Por alguna razón, interesa menos lo que diga el jefe del estado que el hecho de que no le haga caso nadie. En realidad ambos términos de la enunciación forman un palíndromo. No interesa el mensaje porque no lo escucha nadie y nadie lo escucha porque no interesa. Este año la noticia ha sido que la audiencia del mensaje navideño del rey, cuya vida dios guarde muchos años, ha sido la segunda más baja de su ejecutoria. La noticia la ha servido una inteligencia artificial, la que mide los flujos de energía que circulan por el mundo, porque la inteligencia natural estaba a otras: la cena de nochebuena y las pejigueras consiguientes. El mensaje del rey es la apoteosis del despiste nacional, el cénit del desentendimiento de la sociedad con el estado que la gobierna. Es una señal de salud mental, por otra parte: la ciudadanía está impermeabilizada al caos que predica y produce la clase dirigente. También es una señal de que este caos es una impostura, de la que, lo quiera o no, forma parte el rey y sus mensajes navideños.
Este desasistimiento de la atención popular a lo que predica el monarca tuvo este año, sin embargo, una excepción de relumbrón: don Puigdemont ha visto y oído el mensaje con mucha atención y ha descubierto en él la imposibilidad de que don Felipe de Borbón entienda la democracia. La mala noticia para el glosador de mensajes reales es que en Cataluña la alocución real tuvo más audiencia que la de don Puigdemont. Estos catalanes son la monda. Acaso por eso, don Puigdemont debe estar pensando que no sería mala idea postularse como presidente de la república española, a la vista de que la catalana es tiempo perdido y, dicho sea de paso, que su partido ocupa un modesto cuarto lugar en las preferencias de sus compatriotas.
Ay, también los republicanos están mohínos por la poca atención que los españoles prestan al rey. Si la aquiescencia popular a sus mensajes navideños fuera masiva y entusiasta habría ocasión para el lamento y daría la razón a ese sentimiento de derrota que está ínsito en el gen republicano. Pero si nadie hace caso al rey, quiere decirse que la república no brota por falta de republicanismo, que no es lo mismo que abundancia de monarquismo. Claro que remolonear ante la república es también una señal de salud mental si pensamos que un candidato a la presidencia del nuevo régimen sería un tipo como don Puigdemont, don Feijóo o don Sánchez.
Don Felipe VI, don Puigdemont et alii forman parte de la industria del espectáculo y en estas fechas tienen competidores acreditados y muy eficientes en lo suyo, desde el cuñao hasta los reyes magos, que hacen imposible la competencia.

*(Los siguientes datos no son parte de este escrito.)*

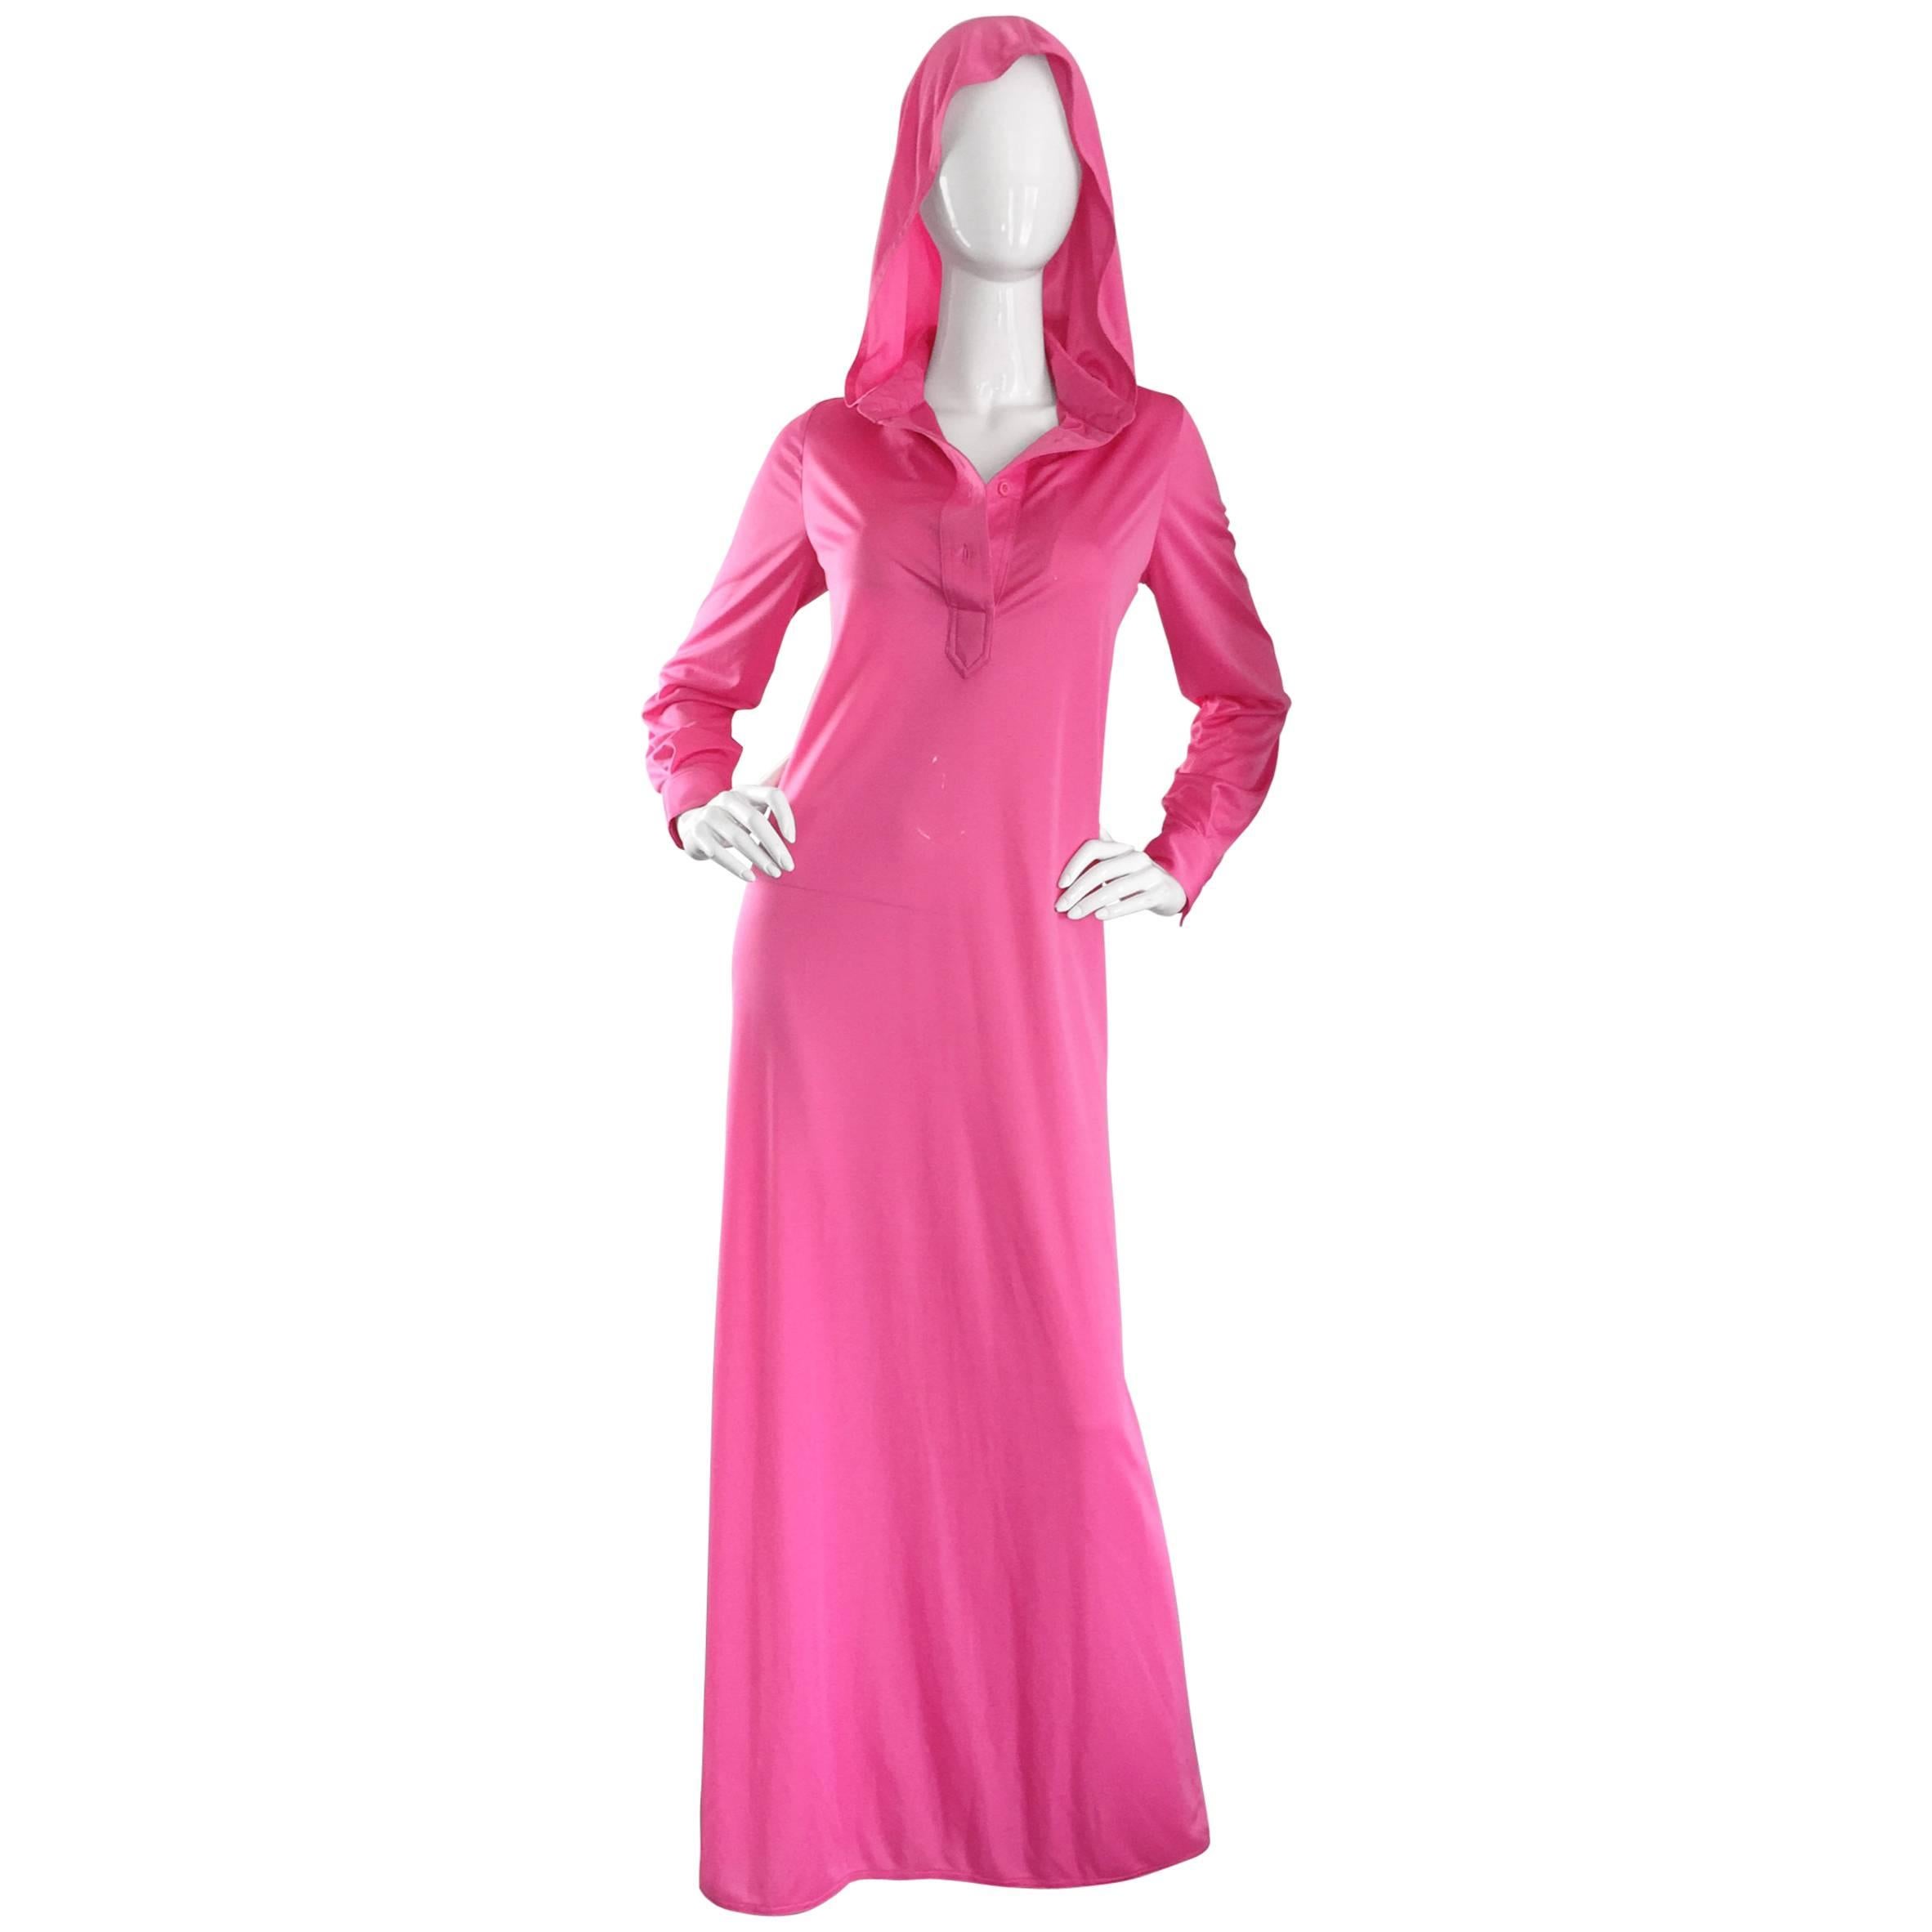 Geoffrey Beene Vintage Pink Hooded Caftan Long Sleeve Maxi Dress

Ningún productor de televisión lanzaría un nuevo programa en navidades; de hecho los contenidos televisivos de esta época son de archivo, como es de archivo el discurso del rey en el papel de cuñao mayor del reino.
Comamos y bebamos que mañana moriremos es un mandato nihilista que está recogido en la tradición cristiana (Corintios 15.32 e Isaías, 22.13) y que seguimos devotamente en estas y otras cualesquiera fiestas del calendario en las que ni don Felipe ni don Puigdemont pintan nada porque no tienen el mando de los tipos de interés que hacen subir o bajar el precio del turrón y del marisco. El discurso de nochebuena debiera darlo la señora Lagarde con don Guindos a su vera tocando la zambomba. Así sea.